Mitigating Catastrophic Forgetting with Adaptive Transformer Block Expansion in Federated Fine-Tuning
作者: Yujia Huo, Jianchun Liu, Hongli Xu, Zhenguo Ma, Shilong Wang, Liusheng Huang
分类: cs.LG, cs.DC
发布日期: 2025-06-06
💡 一句话要点
提出FedBE以解决联邦微调中的灾难性遗忘问题
🎯 匹配领域: 支柱九:具身大模型 (Embodied Foundation Models)
关键词: 联邦学习 灾难性遗忘 自适应变换器 模型微调 数据隐私 异构环境 深度学习
📋 核心要点
- 现有的联邦微调方法未能有效解决灾难性遗忘问题,尤其是在异构数据分布和设备能力差异的情况下。
- 本文提出FedBE框架,通过自适应变换器块扩展机制和动态块分配策略,解决了联邦环境中的灾难性遗忘问题。
- 实验结果显示,FedBE在微调后的准确率保持上比现有方法提高了12-74%,并且模型收敛速度加快了1.9-3.1倍。
📝 摘要(中文)
联邦微调(FedFT)大语言模型(LLMs)已成为适应分布式数据环境的有前景的解决方案,同时确保数据隐私。然而,现有的FedFT方法主要采用参数高效微调(PEFT)技术,未能有效应对灾难性遗忘这一关键挑战。为此,本文提出了FedBE框架,结合自适应变换器块扩展机制和动态可训练块分配策略,旨在更好地适应异构的联邦环境并提高模型的泛化能力。实验结果表明,FedBE在微调后相较于现有方法,准确率保持提升12-74%,模型收敛加速比为1.9-3.1倍,且未降低下游任务的准确性。
🔬 方法详解
问题定义:本文旨在解决联邦微调中的灾难性遗忘问题,现有方法在异构环境中无法有效应对数据分布和设备能力的差异,导致模型泛化能力下降。
核心思路:FedBE框架通过扩展可训练的变换器块,将新学习的任务特定知识与原有的预训练表示结构性分离,从而减少遗忘现象。
技术框架:FedBE的整体架构包括自适应变换器块扩展和动态块分配两个主要模块。自适应扩展模块负责根据客户端的数据分布和计算能力动态调整可训练块的数量和位置。
关键创新:FedBE的核心创新在于其自适应变换器块扩展机制和动态分配策略,这与传统的集中式微调方法有本质区别,后者无法应对联邦环境的异构性和隐私约束。

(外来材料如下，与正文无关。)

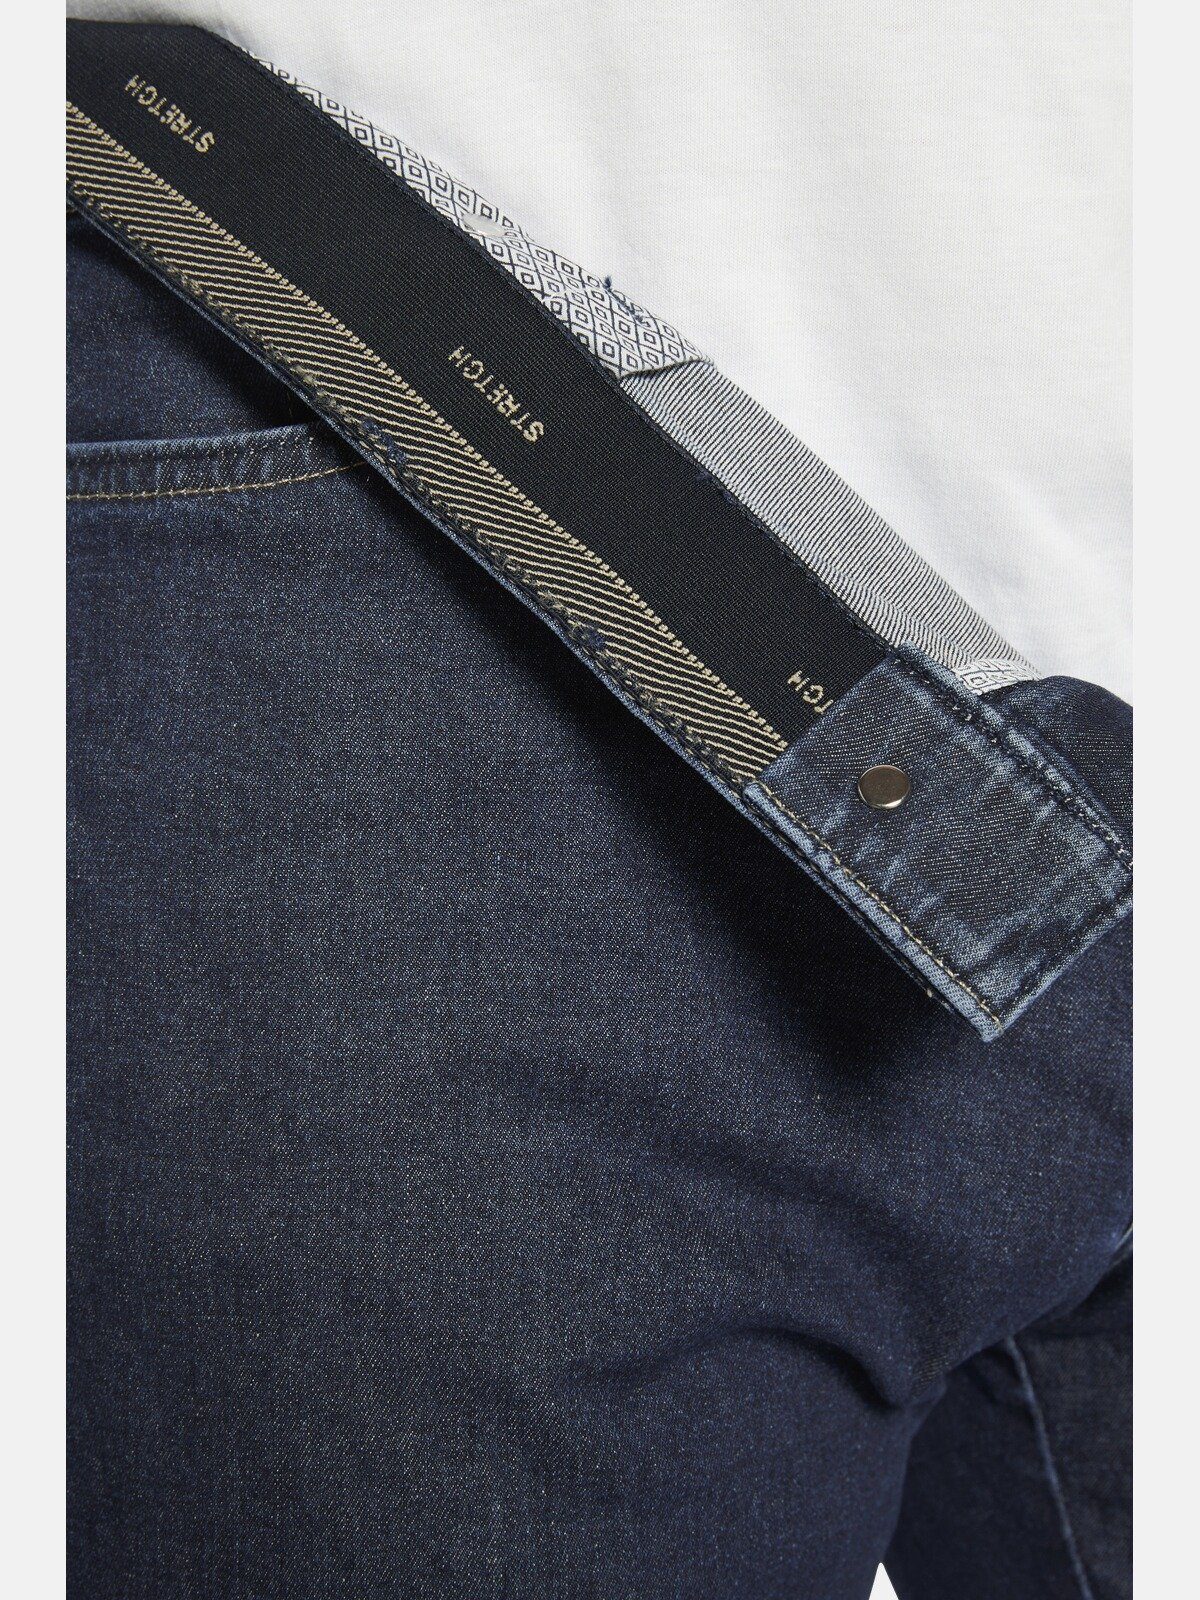 ODGARD Stretch-Effekt Comfort-fit-Jeans mit Jan Vanderstorm dunkelblau
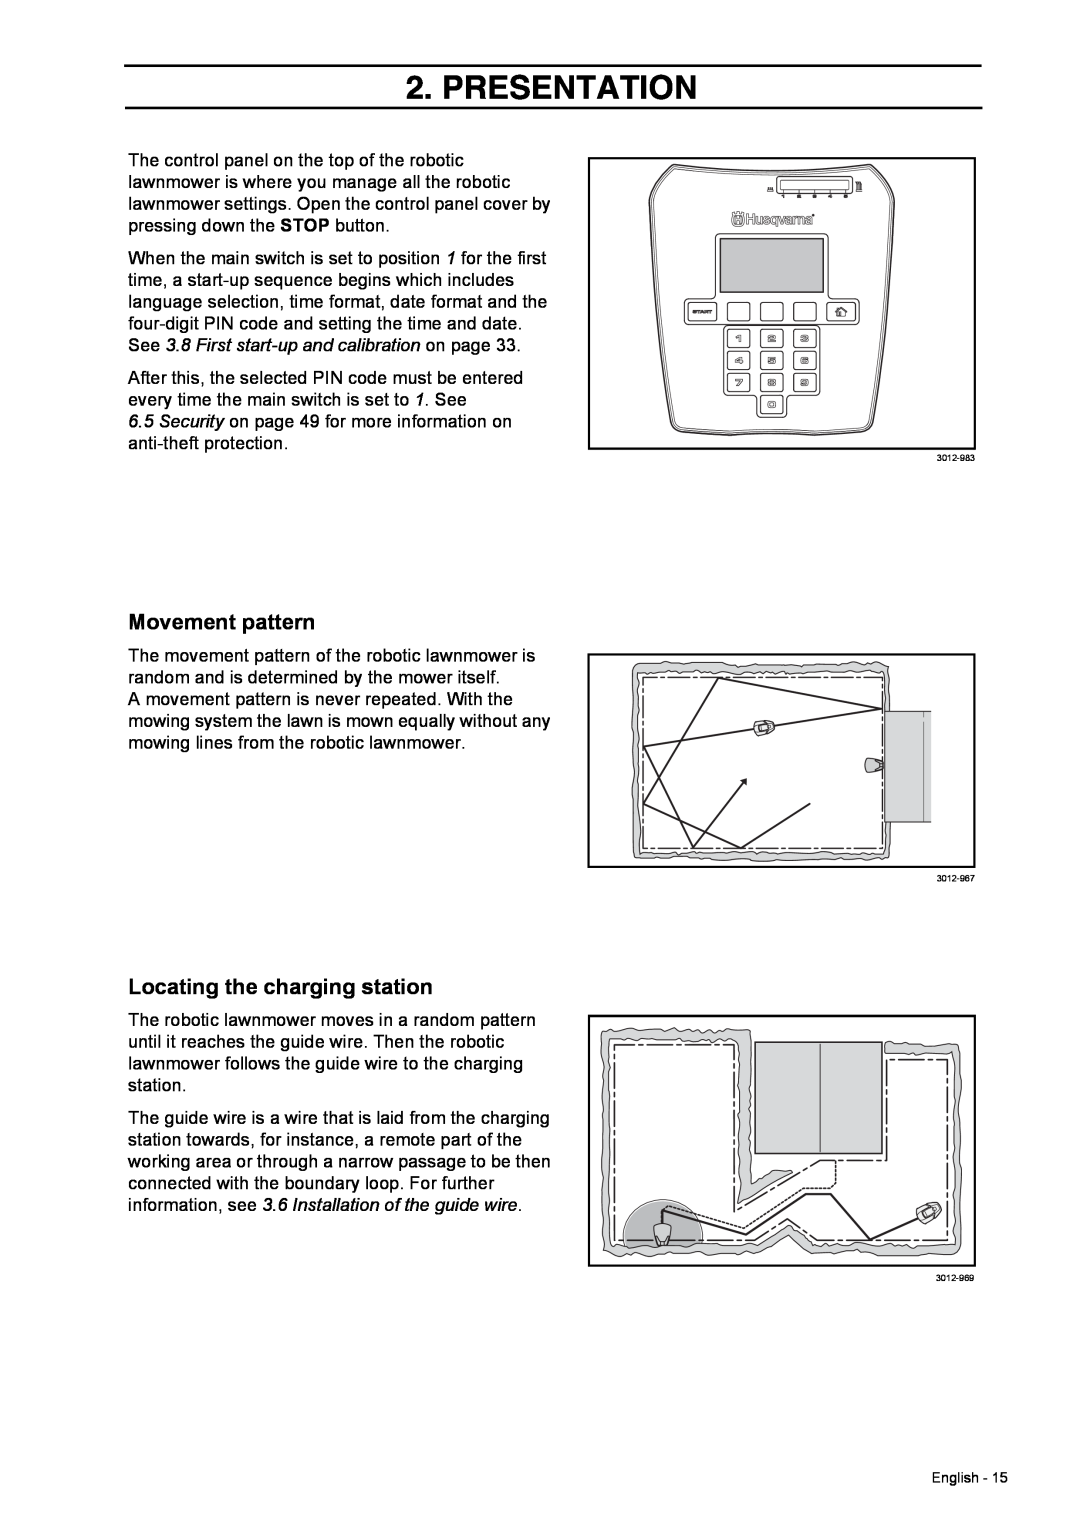 Husqvarna 308 manual Movement pattern, Locating the charging station, Presentation 
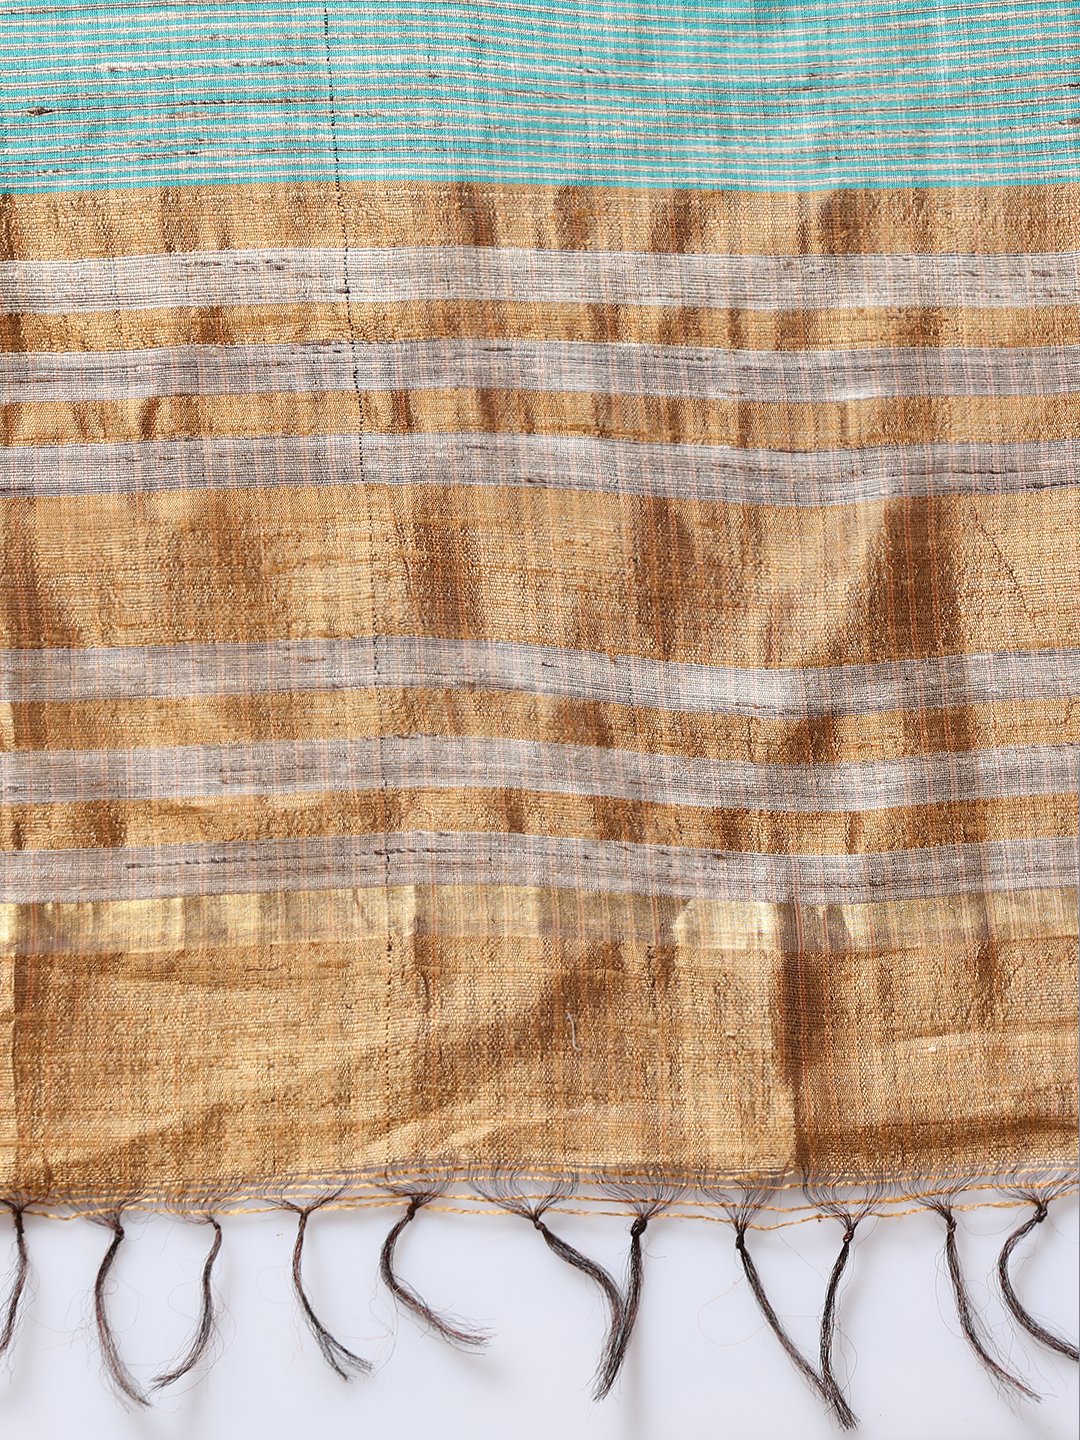 Golden brown handloom tussar silk saree

关键设计:在设计上,FedBE采用了动态分配策略,根据每个客户端的具体数据特征和计算能力,灵活分配可训练块,确保模型在不同设备上的高效训练。
📊 实验亮点
实验结果表明,FedBE在微调后相较于现有的联邦微调方法,准确率保持提升12-74%,并且模型收敛速度加快了1.9-3.1倍,显示出显著的性能优势。
🎯 应用场景
该研究的潜在应用领域包括医疗、金融和智能设备等需要保护数据隐私的分布式学习场景。FedBE能够在保证数据隐私的前提下,提高模型在异构环境中的适应性和泛化能力,具有重要的实际价值和未来影响。
📄 摘要(原文)
Federated fine-tuning (FedFT) of large language models (LLMs) has emerged as a promising solution for adapting models to distributed data environments while ensuring data privacy. Existing FedFT methods predominantly utilize parameter-efficient fine-tuning (PEFT) techniques to reduce communication and computation overhead. However, they often fail to adequately address the catastrophic forgetting, a critical challenge arising from continual adaptation in distributed environments. The traditional centralized fine-tuning methods, which are not designed for the heterogeneous and privacy-constrained nature of federated environments, struggle to mitigate this issue effectively. Moreover, the challenge is further exacerbated by significant variation in data distributions and device capabilities across clients, which leads to intensified forgetting and degraded model generalization. To tackle these issues, we propose FedBE, a novel FedFT framework that integrates an adaptive transformer block expansion mechanism with a dynamic trainable-block allocation strategy. Specifically, FedBE expands trainable blocks within the model architecture, structurally separating newly learned task-specific knowledge from the original pre-trained representations. Additionally, FedBE dynamically assigns these trainable blocks to clients based on their data distributions and computational capabilities. This enables the framework to better accommodate heterogeneous federated environments and enhances the generalization ability of the model.Extensive experiments show that compared with existing federated fine-tuning methods, FedBE achieves 12-74% higher accuracy retention on general tasks after fine-tuning and a model convergence acceleration ratio of 1.9-3.1x without degrading the accuracy of downstream tasks.